Сегодня — юбилей. Первый «законный» пятидесятилетний юбилей, первый и, вероятнее всего, последний, до векового редко доживают. Ну что ж, первый и последний. Начало и конец — они человеком, человечеством не осознаются, важно то, что посередке, между началом и концом. Полвека — это немало, о душе подумать пора...
В предвидении суматохи праздничного застолья накануне вечером отметили событие в семейном кругу: Юлия Александровна, теща, человек близкий по-настоящему, и Ленка, Буба, Бубеныш, и домработница, а точнее, домоправительница Анна Григорьевна, и конечно же Оля, Ольга Николаевна...

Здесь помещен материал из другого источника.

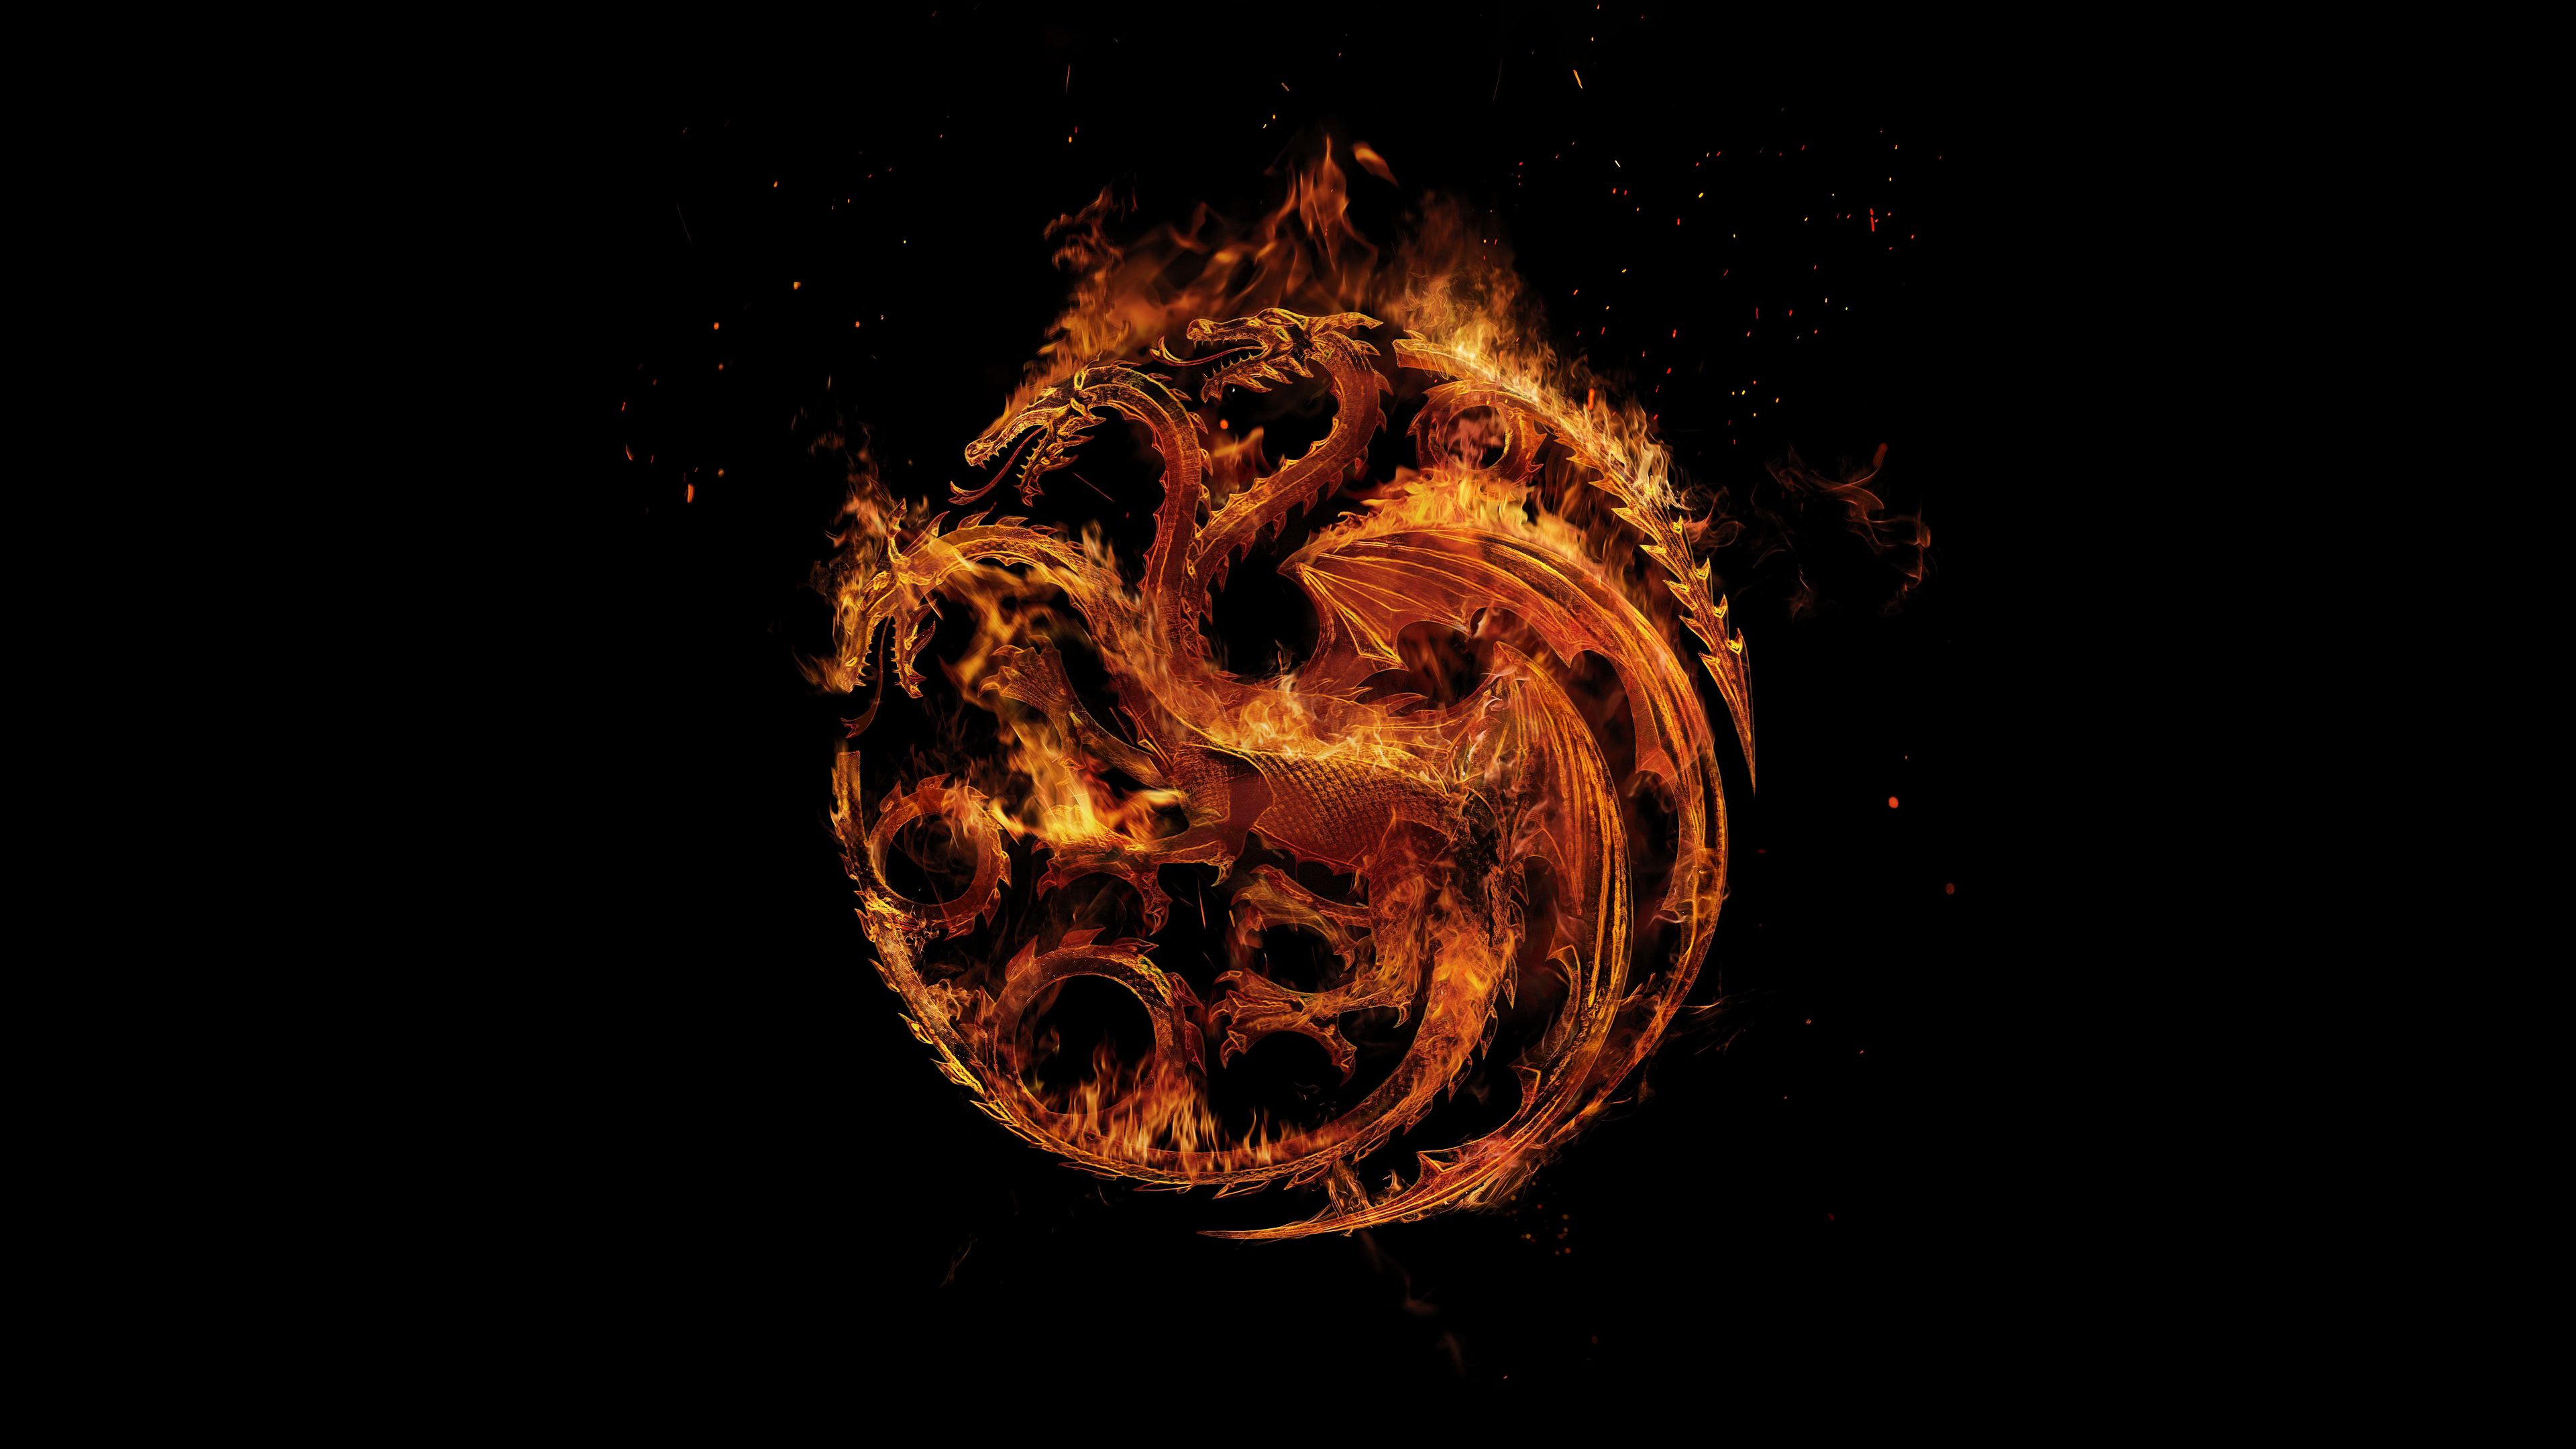 A flaming Targaryen sigil, composed of a dragon, a lion, and a wyvern, on a black background. - Blood, dragon

Зимний был, как и полагалось по названию, холоден, был пуст, гулок, неприбран, валялись бутылки из-под изысканнейших вин, стояли в козлах брошенные юнкерами — сопляки, мальчишки — винтовки, метались по узорному паркету бумаги, валялись шинели, темные там, где были прежде погоны, валялись баклажки и консервные жестянки, и, в ранний час, туго ворочая пером, сидел в атласном кресле, озирая развешанные по стенам полотна, смертельно изморенный матрос, записывал в тетрадку, — Бубнов полюбопытствовал, что же там записывает, оказалось — что-то вроде каталога картин, удивительный был каталог: «Шамовка № 3», «Шамовка № 7», «Гулянка на площади», «Голая баба в лесу»...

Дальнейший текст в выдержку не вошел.